No investimento básico, a esperança é uma emoção branda e passiva. Na Escritura e na tradição cristã, ela possui qualidades mais robustas. A esperança mostra do que é capaz quando assume a forma do que o apóstolo Paulo chama de “esperar contra a esperança” (Rm 4.18). Paulo usa essa expressão para descrever a fé de Abraão. Yahweh prometera a Abraão e Sara um filho para levar a promessa da aliança, mas Abraão está com um pé na cova, e o ventre de Sara esteve morto por toda a sua vida. Abraão deseja um filho através de Sara, mas isso é impossível. Ainda assim, ele crê na promessa do Deus chama à existência as coisas que não existem, do Deus que vivifica os mortos (Rm 4.17). Abraão é destemido diante do impossível porque confia no Deus para quem nada é impossível. Suas circunstâncias desesperadas deram à luz a esperança.

A esperança de Abraão e o desespero de Jó crescem desde o mesmo solo; são posturas alternativas em relação à morte. Jó é desesperançoso porque sofre um suplício que parece ser permanente. A esperança de Abraão, diz Paulo, é uma esperança pela ressurreição, uma esperança de que uma nova vida pode surgir de dois corpos moribundos e decrépitos. Na Escritura, a esperança é sempre esperança pela vida depois da morte. Israel espera pelo êxodo do Sheol do Egito, pela ressurreição da sepultura do exílio, por um Messias para vencer as forças da morte. Uma ou duas vezes, essa esperança tremeluziu nas sombras de Jó: “Depois, revestido este meu corpo da minha pele, em minha carne verei a Deus” (Jó 19.26). Mesmo no cotidiano, a esperança anela pela ressurreição. Os doentes esperam pela saúde recobrada; os prisioneiros, pela libertação; os solitários, por amor; os maltratados, por socorro para sua segurança. Todos querem uma vida diferente. E, como diz Josef Pieper, essas esperanças cotidianas implicam uma esperança universal para a humanidade. “Mesmo que eu morra”, diria um paciente terminal, “a vida continua.” Mas e se não continuasse? Será que podemos sustentar a esperança individual sem a metaesperança para o mundo? Toda esperança é esperança pela ressurreição; em última análise, por uma ressurreição geral.

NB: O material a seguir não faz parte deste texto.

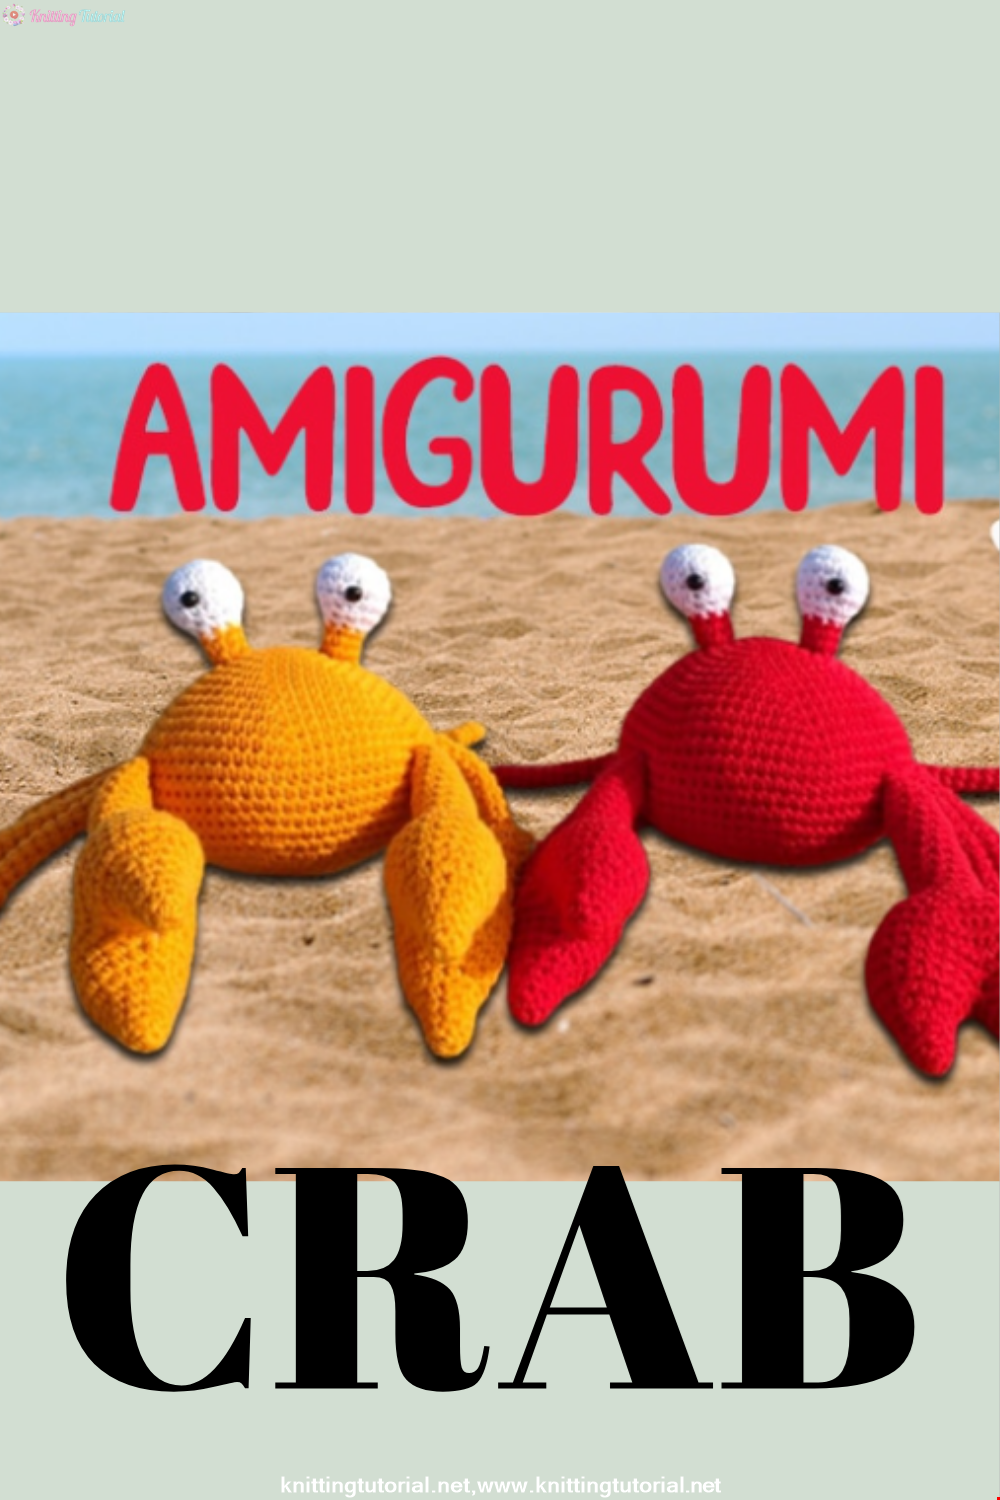 Amigurumi Crab Recipe and Easy Preparation

Tomás de Aquino situa a esperança entre as paixões “irascíveis”. Para Tomás, a esperança só é verdadeiramente esperança quando é árdua. O desejo, diz Tomás, é mera concupiscência. A genuína esperança envolve uma determinação de suplantar os obstáculos para alcançar a destinação desejada, e, portanto, tem um elemento de ira, a fúria. Desafiadora em face da morte, a esperança assume um tom de exasperação. “Esperar contra a esperança” não é brando, mas impetuoso, selvagem, feroz e até furioso. Essa impetuosa esperança, fruto da tribulação e adversidade, não decepciona.